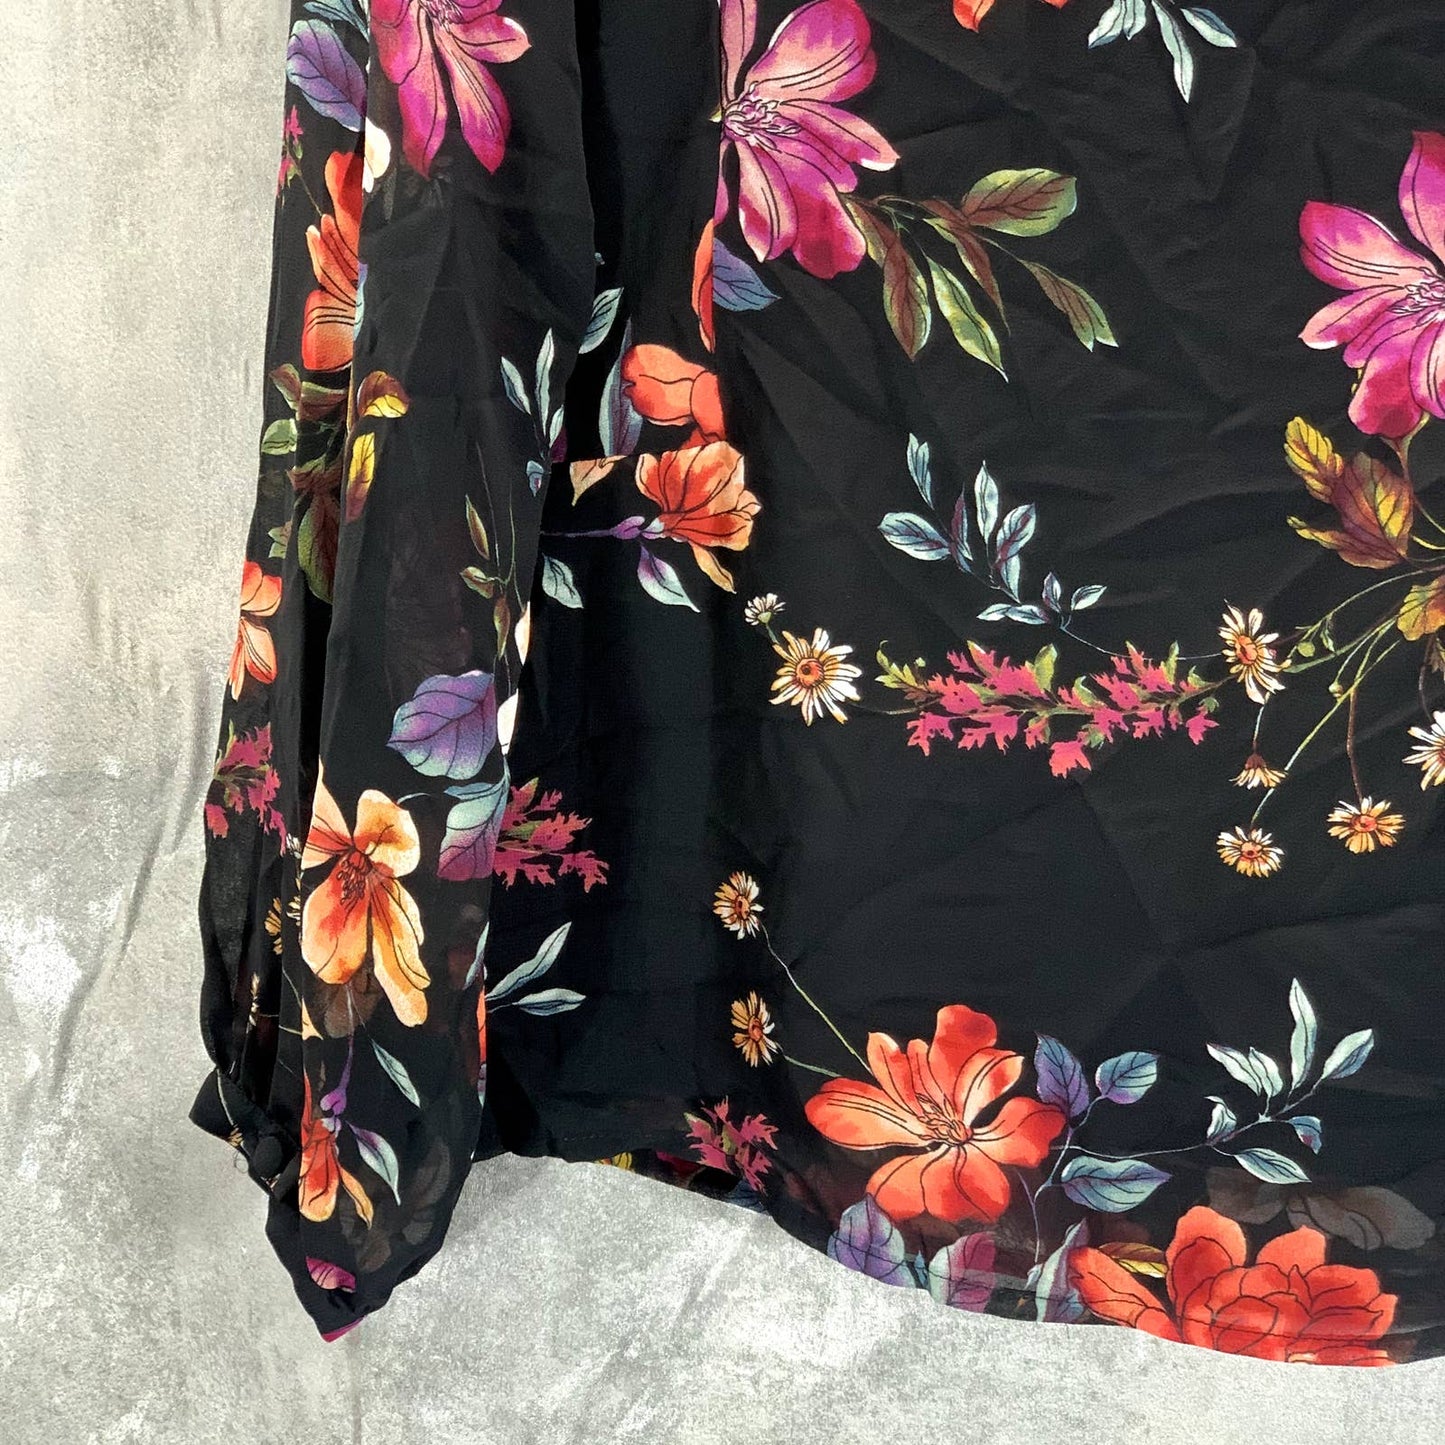 VINC CAMUTO Women's Rich Black Floral-Print Scoop-Neck Long-Sleeve Top SZ XS
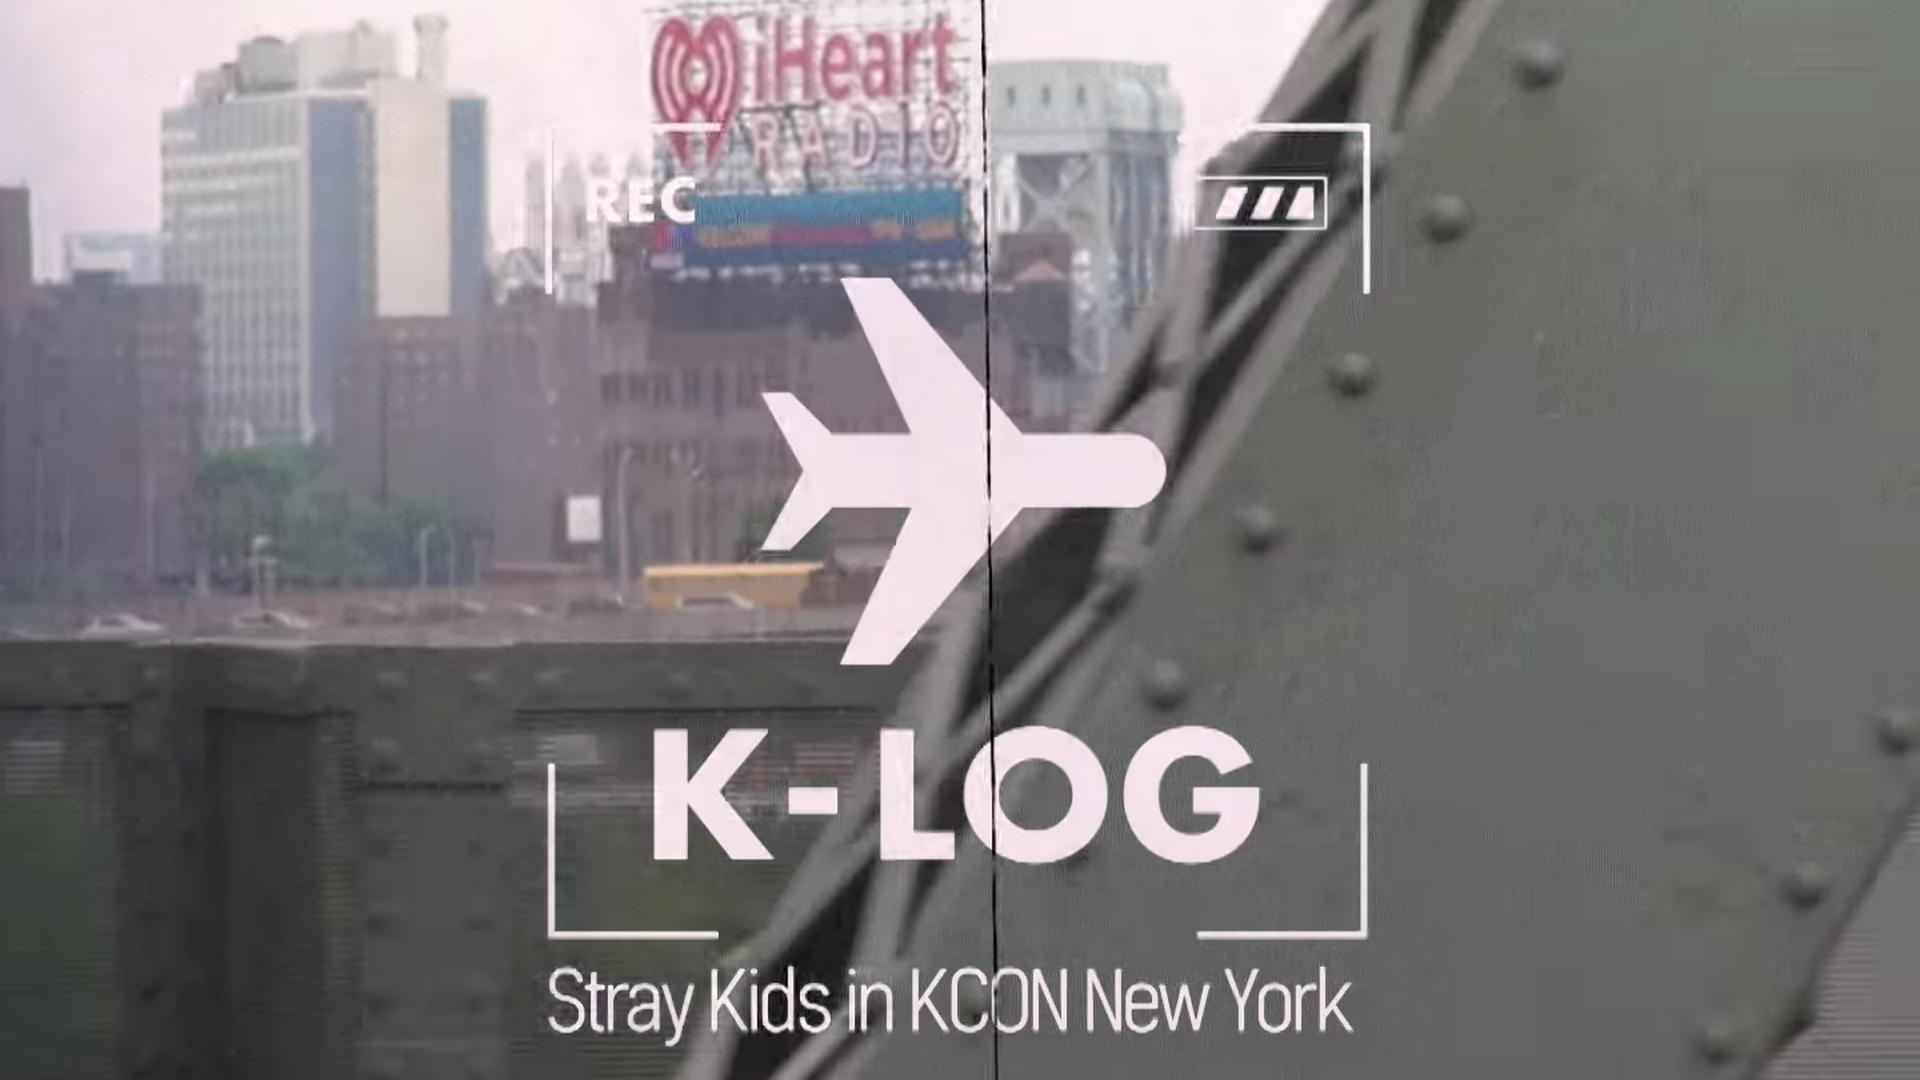 Stray Kids: K-LOG in New York
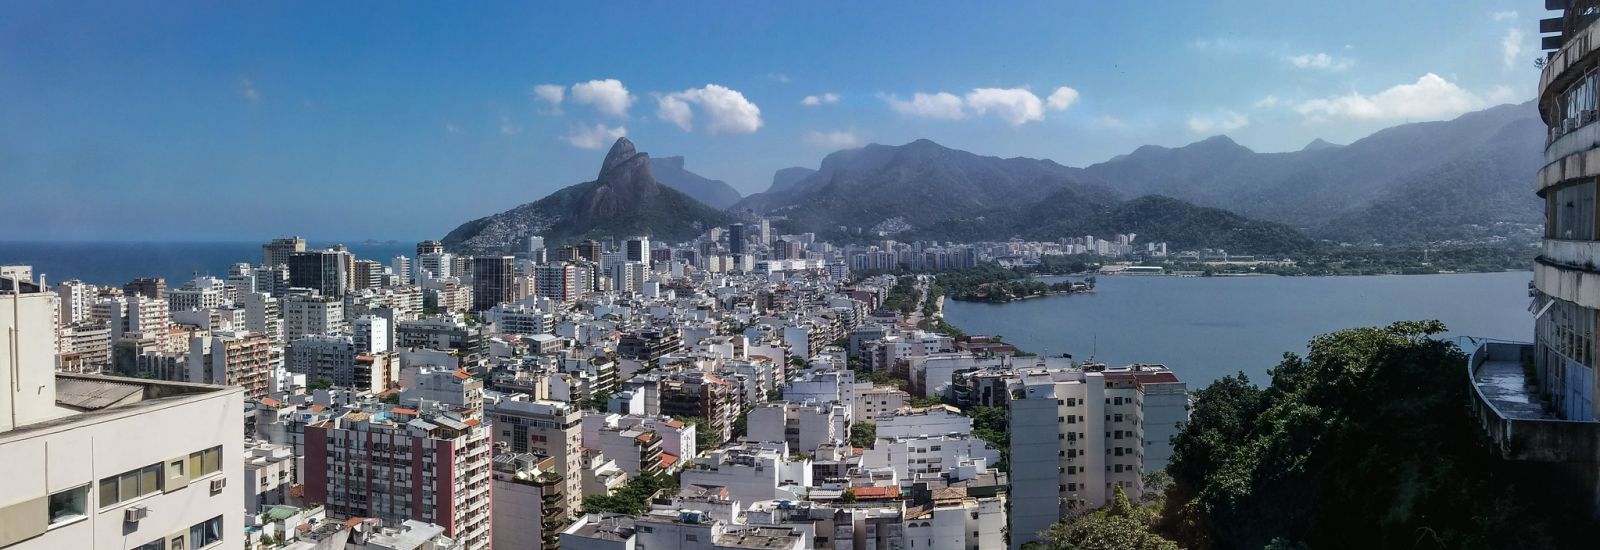 View over Rio de Janeiro, looking towards mountains

### [Work instructions]
The required output is the listing above reproduced exactly, pictures removed.

### [Solved exercise]
 VINC CAMUTO Women's Rich Black Floral-Print Scoop-Neck Long-Sleeve Top SZ XS
 Stray Kids: K-LOG in New York
 View over Rio de Janeiro, looking towards mountains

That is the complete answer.